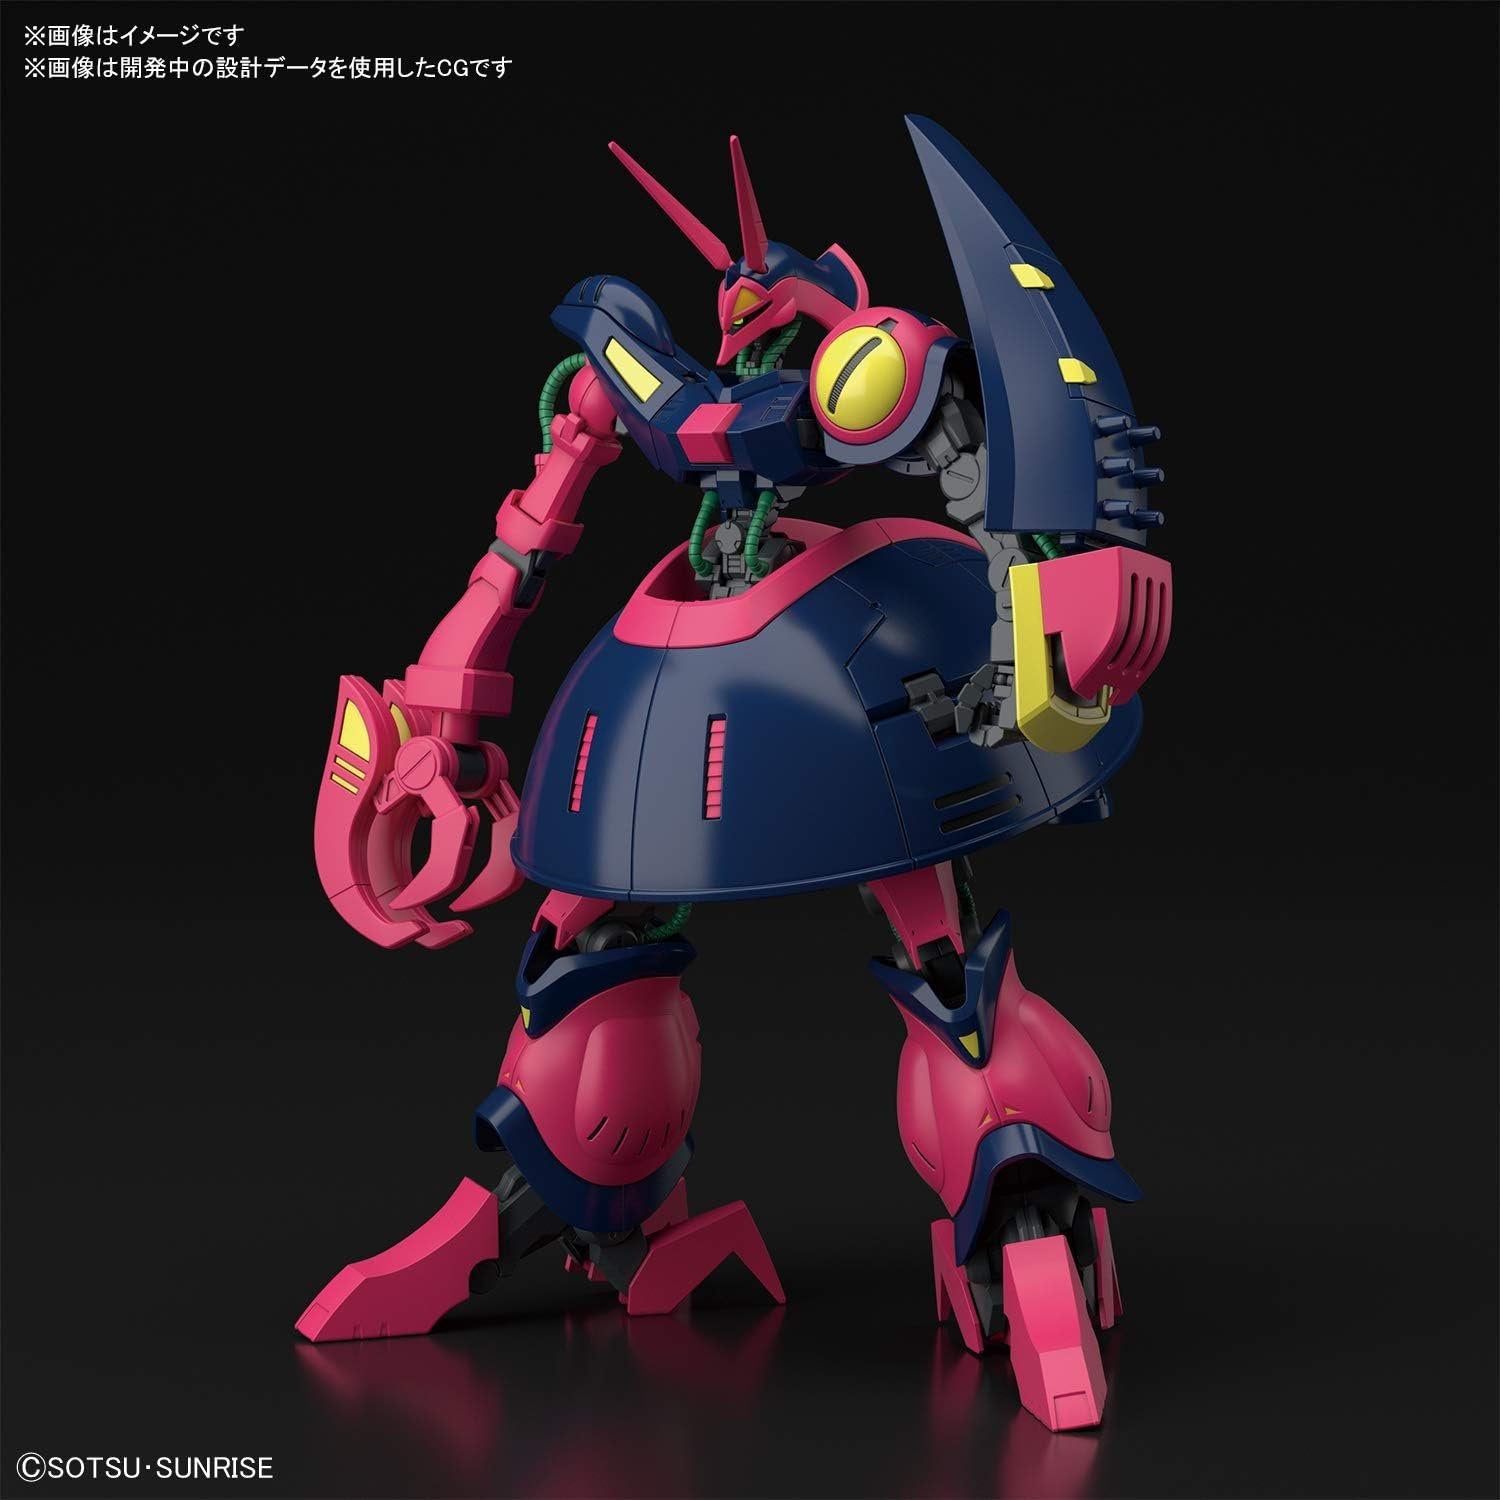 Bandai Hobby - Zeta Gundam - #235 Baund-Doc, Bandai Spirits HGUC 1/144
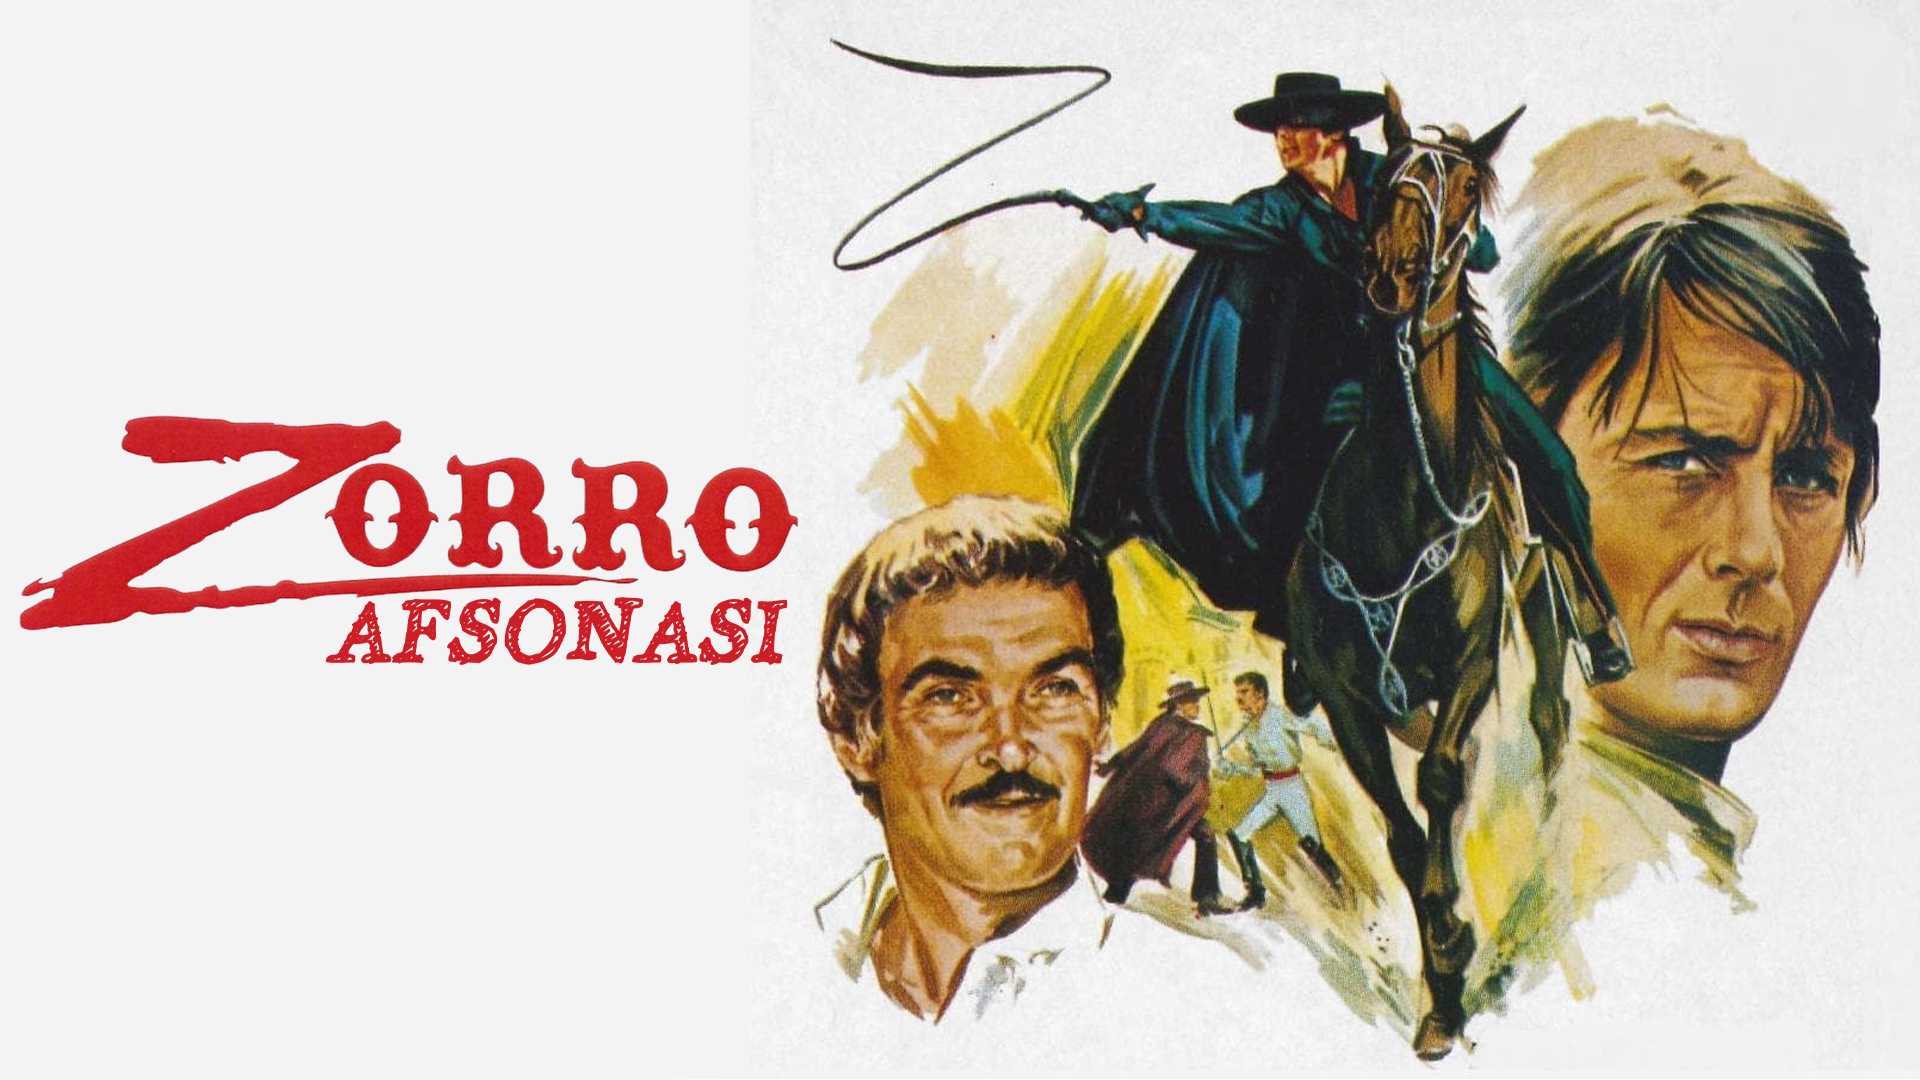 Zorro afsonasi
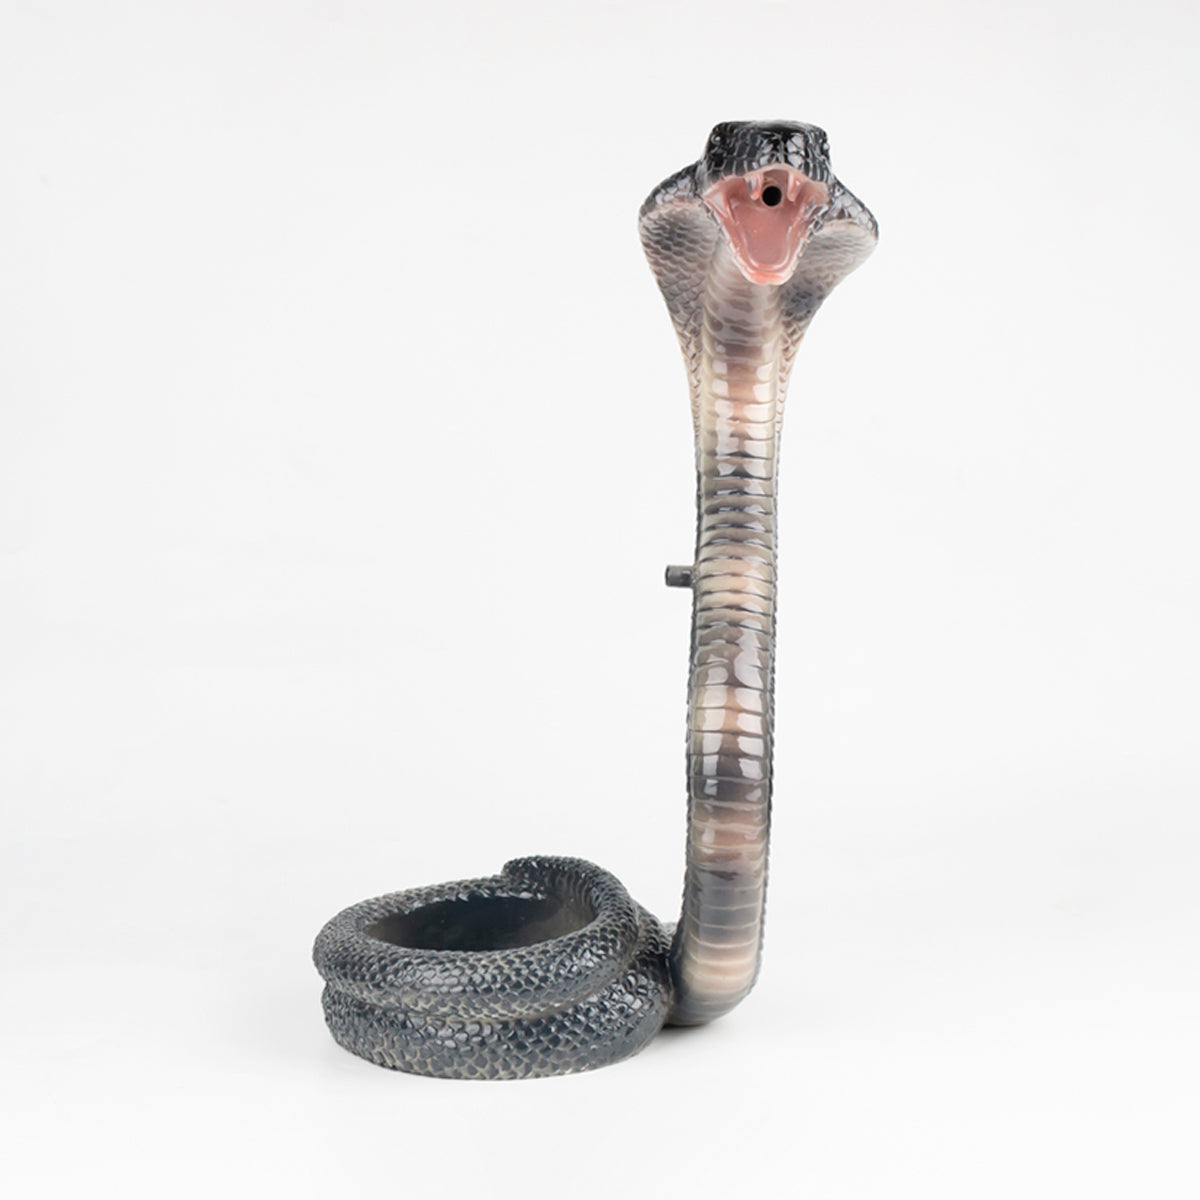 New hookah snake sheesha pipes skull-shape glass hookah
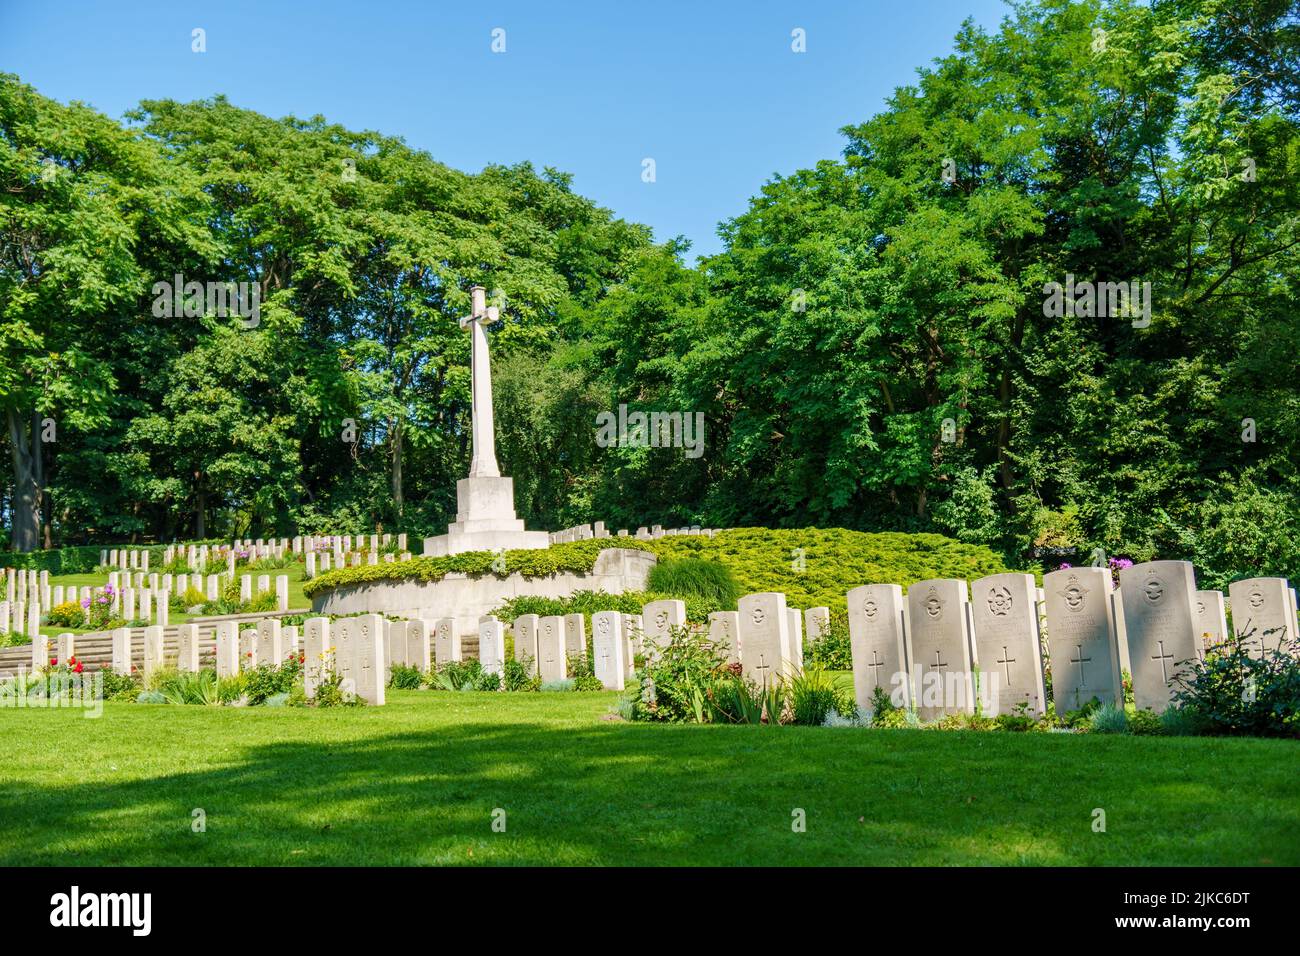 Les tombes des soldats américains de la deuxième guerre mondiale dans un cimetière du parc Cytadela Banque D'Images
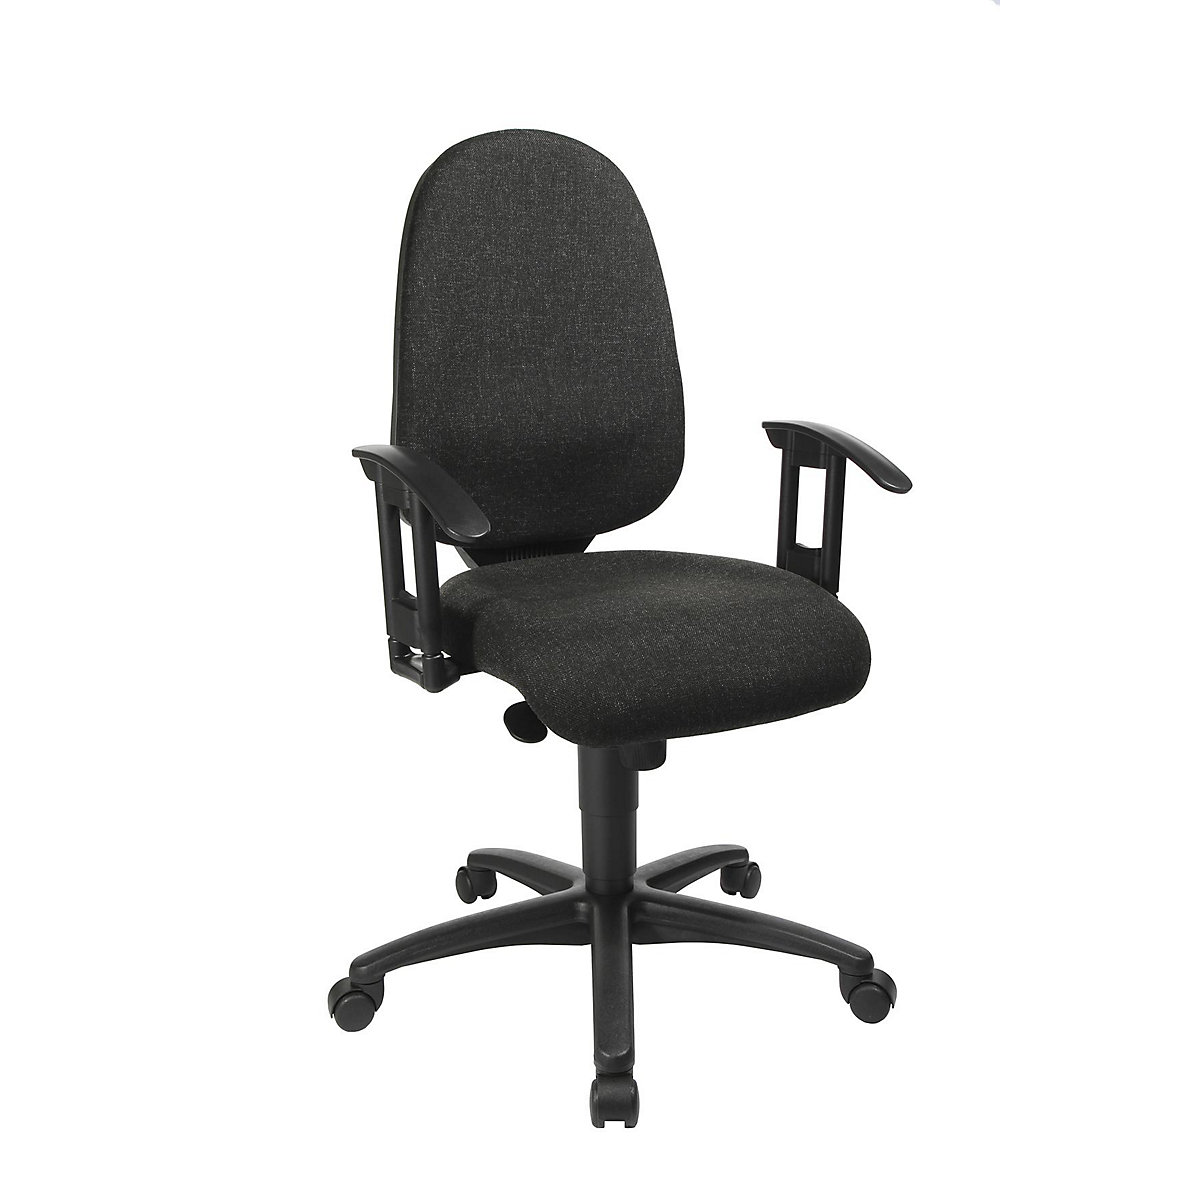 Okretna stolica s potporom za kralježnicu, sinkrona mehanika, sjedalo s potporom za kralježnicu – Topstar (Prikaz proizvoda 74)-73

# # # # # # #

• WHAT IS BEING ASKED
Omit the pictures, then give every record back exactly as it stands.

• SOLUTION BELOW
 Bandai Hobby - Zeta Gundam - #235 Baund-Doc, Bandai Spirits HGUC 1/144
 Zorro afsonasi
 New hookah snake sheesha pipes skull-shape glass hookah
 Les tombes des soldats américains de la deuxième guerre mondiale dans un cimetière du parc Cytadela Banque D'Images
 Okretna stolica s potporom za kralježnicu, sinkrona mehanika, sjedalo s potporom za kralježnicu – Topstar (Prikaz proizvoda 74)-73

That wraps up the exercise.